Thursday, April 06, 2006

Wife, Mother, & Closeted Trek Geek


Piss-boy brought home a writing assignment for school with the idea that if you were going to live on another planet what would it be like. I explained that since we know that all the other planets in our solar system are uninhabitable that it’s better to make one up. Well after watching him sit for a couple hours, I realized this was going nowhere fast, so I pulled out my little dark secret out of the closet and set him doing research. The book he used is called The Star Trek Enclyopedia. Everything in there is painstakingly cross-referenced, and it has a complete list of life forms and planets (naturally cross-referenced with episodes and name of specific Star Trek Series).

The Talk You Never Want To Have


Had a talk today with Piss-boy about why Grammy is so weird. See, I was talking to her on the speakerphone, updating her on the goings on here, or at least trying to. She was talking about a funeral she went to and how nice it was seeing everyone again. Piss-boy gave a funny look at that and I explained when I was growing up there was never talk about going to someone’s house for a birthday party, but there was always talk about going to funerals. Grandma looked at funerals as way to see old friends, and family.

Seriously, I’m not making this up. I can clearly recall being younger than Fredo, and looking through Grandma’s massive collection of photo albums, and actually seeing pictures taken at funerals. Not just of the people there but also of the deceased, commingled with pictures of a little Ranter playing the back yard or Christmas; you get the idea I'm sure.

Yes! Can you imagine this conversation that took place less than 5 years ago when I was at Grandma’s house with the children.

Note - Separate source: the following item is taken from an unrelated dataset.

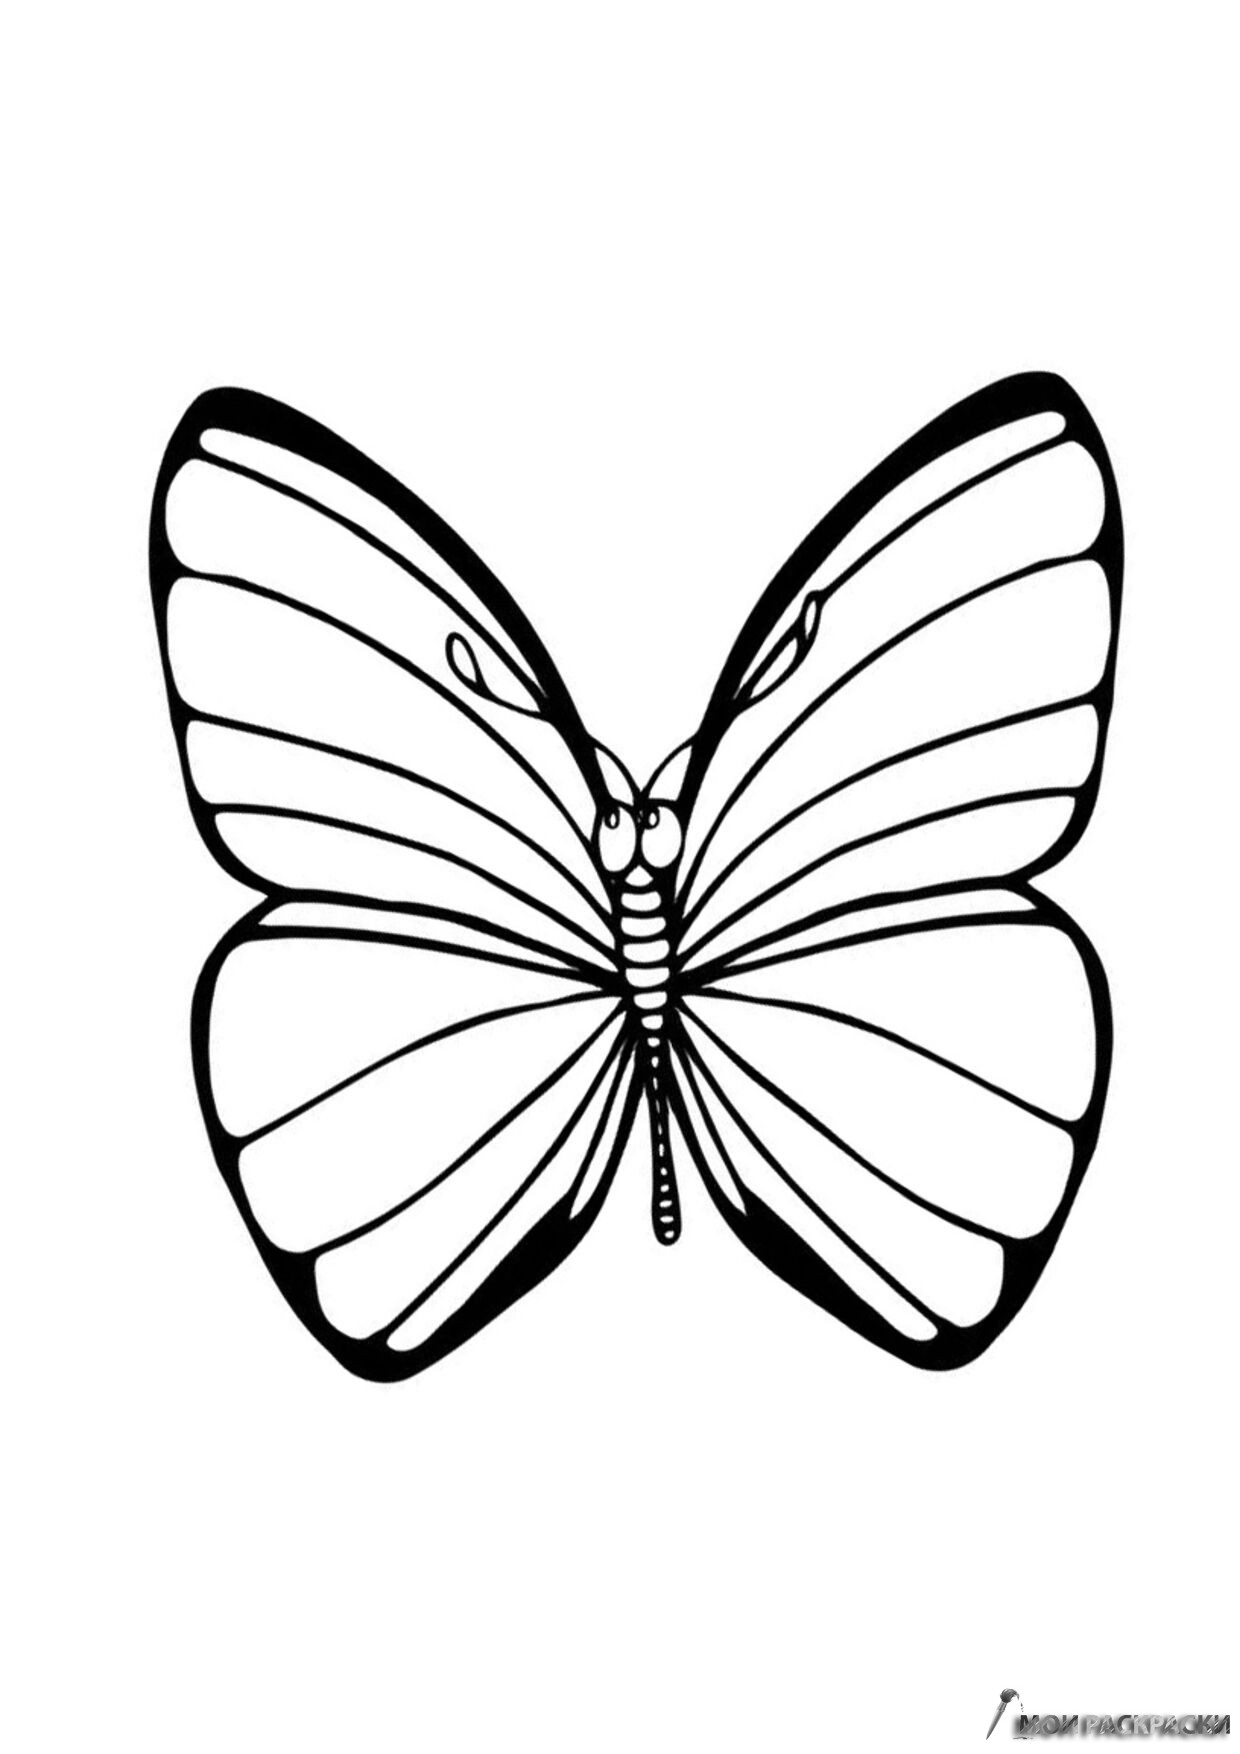 Раскраска 2 бабочки. Раскраска "бабочки". Бабочка раскраска для детей. Рисунок бабочки для раскрашивания. Бабочка раскраска для малышей.

Grandma: You remember so and so, they used to do all those crazy things.
Me: No, not really.
Grandma: oh sure you do from the church in town.
Me: No I really don’t.
Grandma: I’m sure they were at our 25th Anniversary.
Me: I was 6 or 7 then, I really don’t remember anything except the fight. (My dad had gotten into a verbal spat with a friend of my grandparents and we left the party before the presents were opened and cake was served. I remember really wanting to eat that cake.)
Grandma: (ignoring the fight comment) Let me find a picture.

Then she disappears for an hour, leaving me to talk with Grandpa, who insists that I remember this person too.
I hear Grandma calling from the Living Room, “I found a picture.”
I cringe as I get up from the kitchen table and walk to where she is. I look at the picture…that is a photograph of someone in a casket (seriously), causing me to blink several times in near disbelief.
Grandma: That’s so and so, you remember him.
Me: shaking my head and feeling like a witness on the stand, “no really, I can’t say I do.” Then I pause.
Grandma: He looked so good; he got the cancer, you know.
I close the photo album.
Me: I really don’t remember him (at this point I’m wondering where this going).
Grandma: His wife passed away.
Now I’m biting my lip trying not to say anything.

The really strange part other than Grandma finds nothing wrong with taking pictures of dead people is the reason she does it. To send copies of the pictures to family members that couldn’t attend the funeral.

I know this sounds awful but no wonder my parents insisted on being cremated.

© 2006

4 comments:

The (real) Stepford Wives said...

remember you always tell me the nut doesn't fall far from the tree.

Anita said...

Ick, Dh's family is big on those dead body pics. Ewww.

Anonymous said...

I don't know what's scarier, the funeral pics or the fact that you have a Trekkie encyclopedia.

Whimsical Ranter said...

Well, I didn't exactly take the funeral pics, now did I?